The entire swap step takes milliseconds since it's just metadata changes. The backfill is the slow part, but it runs in the background without blocking reads or writes on the original table.
Partition Key Selection: created_at vs merchant_id
I've seen teams debate this endlessly. Here's my take after running both in production:
created_at(range) — wins for settlement, reconciliation, reporting, and compliance queries. Also makes retention trivial: drop a month, done. This is the right choice for 90% of payment systems.merchant_id(hash) — useful if your primary access pattern is "give me all transactions for merchant X" and you have thousands of merchants with roughly equal volume. But you lose the ability to efficiently drop old data by time range.- Composite (range + hash sub-partitioning) — the best of both worlds, but adds operational complexity. Only worth it if you genuinely query both dimensions frequently and have the team to manage it.
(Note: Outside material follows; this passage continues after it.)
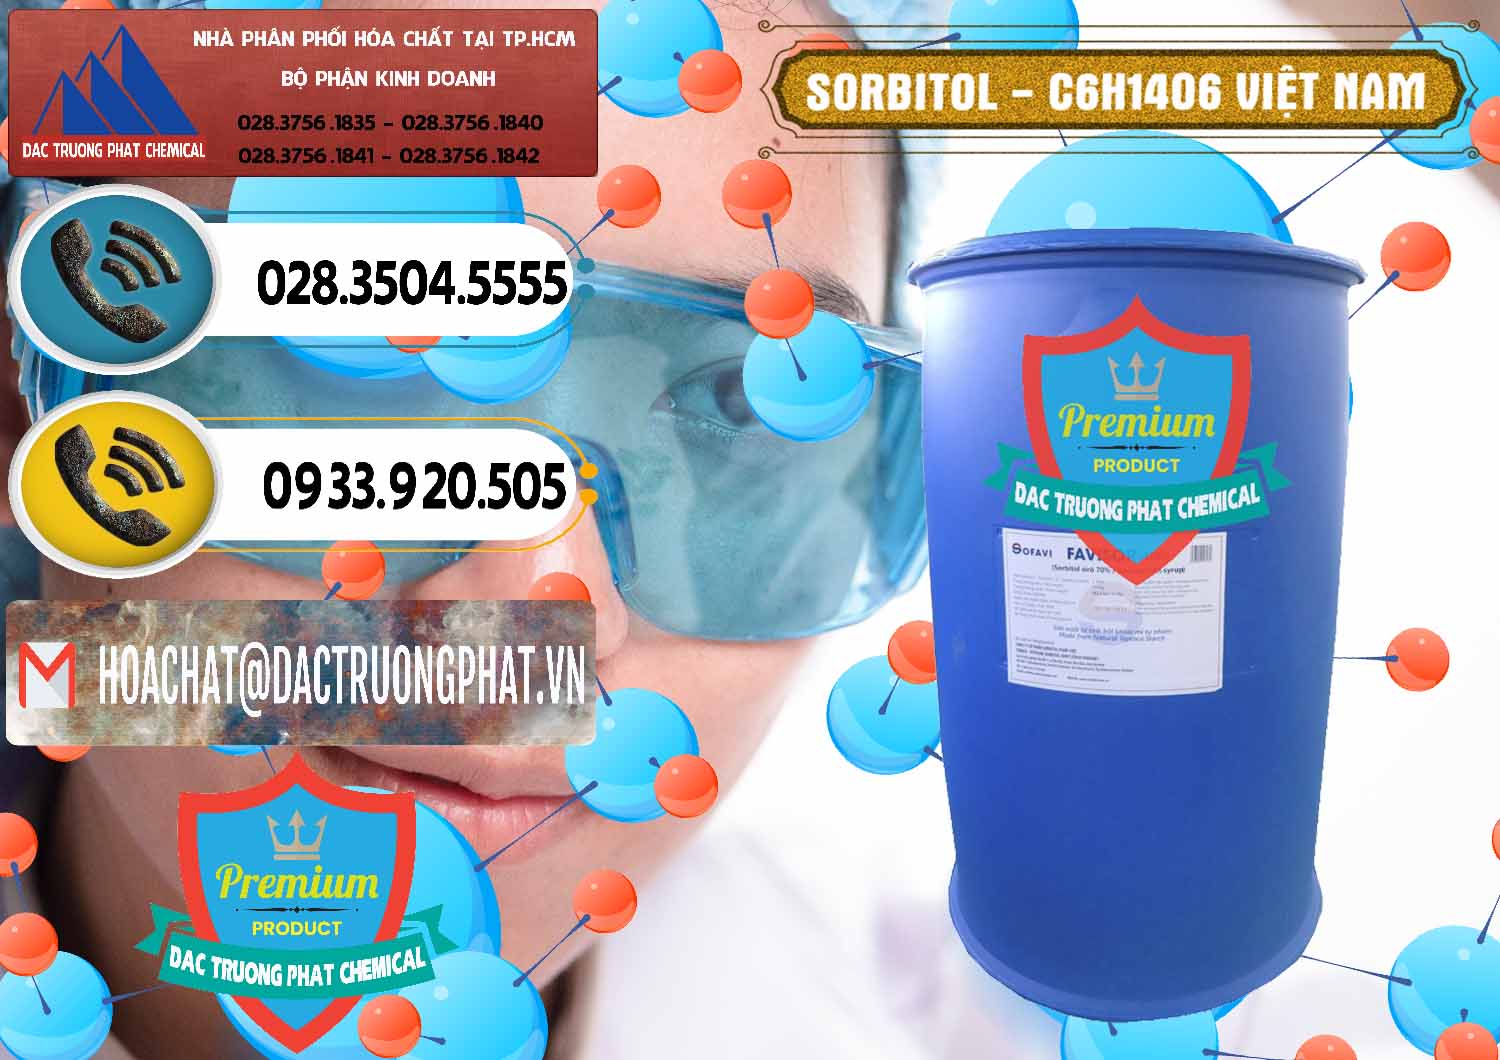 Nhà cung cấp & bán Sorbitol - C6H14O6 Lỏng 70% Food Grade Việt Nam - 0438 - Chuyên phân phối và kinh doanh hóa chất tại TP.HCM - hoachatdetnhuom.vn

Gotchas I Learned the Hard Way
- Foreign keys referencing partitioned tables are not supported in PostgreSQL (as of version 17). If other tables reference
transactions.id, you'll need to handle referential integrity at the application level or use a different approach. - Cross-partition queries without the partition key will scan all partitions. If someone writes
SELECT * FROM transactions WHERE merchant_id = '...'without a date filter, they'll hit every partition. Add guardrails in your application layer. enable_partition_pruningmust beon(it's on by default, but verify). Without it, the planner won't skip irrelevant partitions.- Partition-wise joins and aggregates (
enable_partitionwise_join,enable_partitionwise_aggregate) are off by default. Turning them on can significantly speed up joins between partitioned tables, but increases planning time.